# best way to grow/attach flame moss?



## RachPreach (Jan 16, 2006)

Hi, I just got some of this moss and was curious as to what is the best way to grow it? Can it be attached to driftwood like most mosses with fishing line? Or, If I decide to grow it with wire mess, should i sandwich it between two pieces of the mess?


----------



## McgJosh (Jun 4, 2006)

Today I did a little expirement attaching moss to driftwood with super glue. So far it is holding well.


----------



## Overfloater (Jan 12, 2004)

I have been growing flame moss for awhile. I lay the individual strands flat across wire mesh and wrap it with a small diameter fishing line.

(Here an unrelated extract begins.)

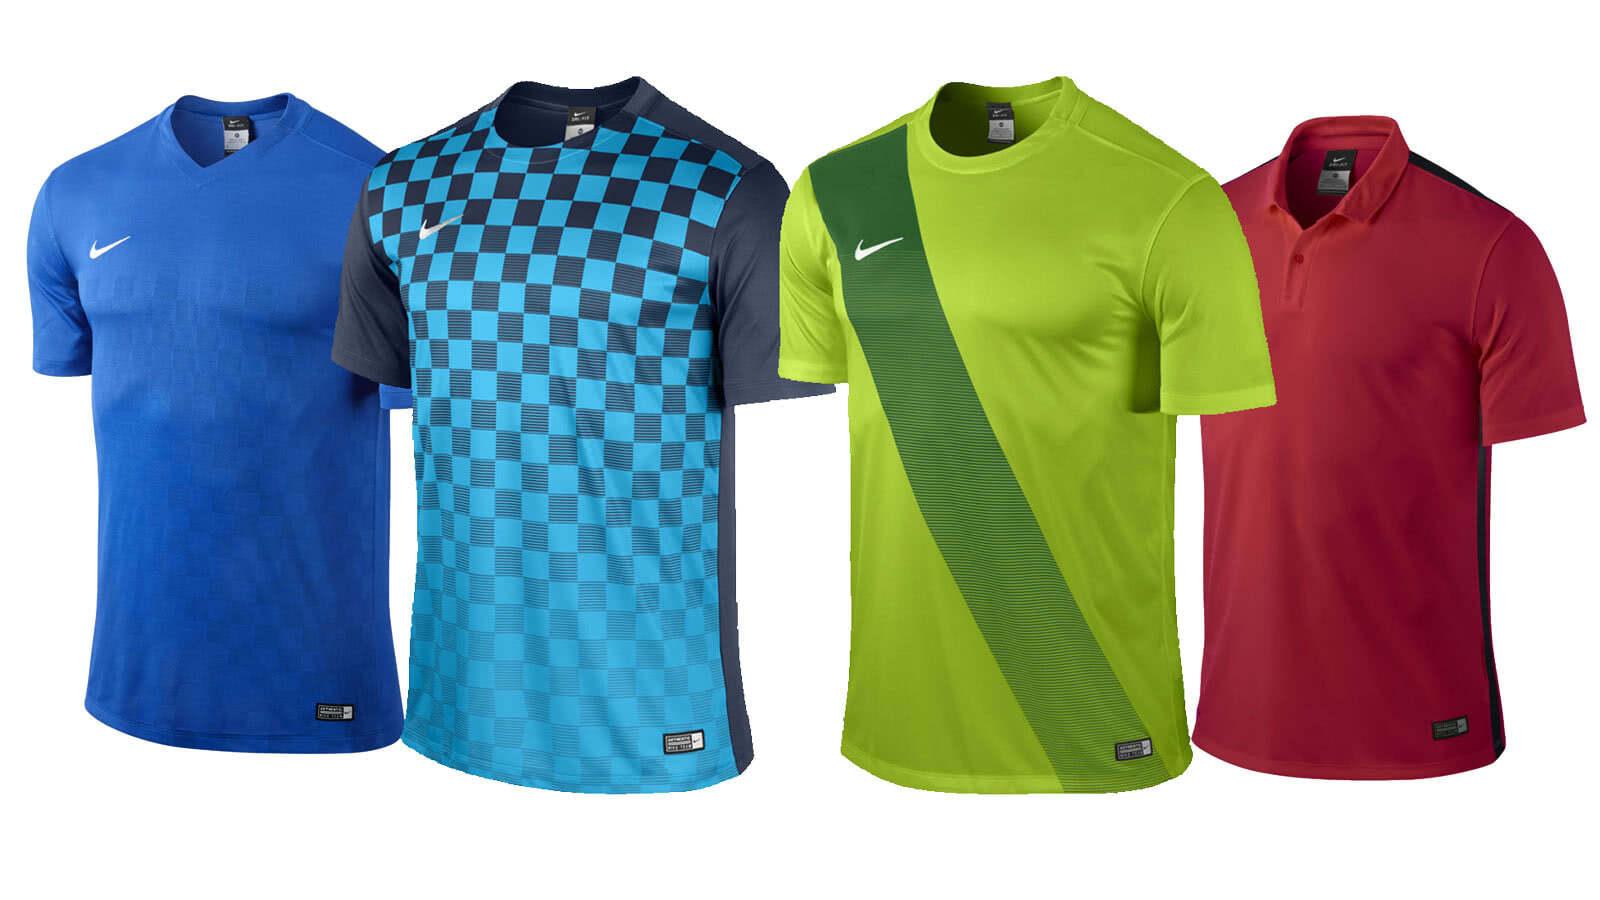 Nike Trikots 2015/2016

I find it grows to about 4-5 inches before the bottom portion starts to yellow from lack of light.


----------



## RachPreach (Jan 16, 2006)

so, once its laid and tied to the mesh, is the moss facing up or under the mesh?


----------



## Overfloater (Jan 12, 2004)

RachPreach said:


> so, once its laid and tied to the mesh, is the moss facing up or under the mesh?


It's on top. I am about to retie all my moss today. I can take pictures if you'd like.


----------



## RachPreach (Jan 16, 2006)

ok that would be cool. I think I understand though. I really dont want to go to the trouble of ordering wire mesh so I might get some plastic kind at walmart...would that work or do you know of somewhere I can get wire kind?


----------



## oblongshrimp (Jul 26, 2006)

I have attached it to driftwood using cotton thread. The moss does attach to the wood but the hold isn't very strong. Some pieces hold tight but most will just come off if you pull very hard on it. If you wanted something more permanent you could just use fishing line.


----------



## Wasserpest (Jun 12, 2003)

This is going to sound weird, but I have planted Flame Moss like stemplants, by pushing the lower end a little into the substrate. It attaches to the gravel, and then just grows upward. Like a flame, lol. :angryfire Looks a bit like little trees.


----------



## RachPreach (Jan 16, 2006)

cool, i could try that too.

I would still like some info on where to find the wire mesh at somewhere local(walmart, homedepot, lowes...)


----------



## oblongshrimp (Jul 26, 2006)

ya i have had pieces of it attach to my aquasoil also but not on purpose.


----------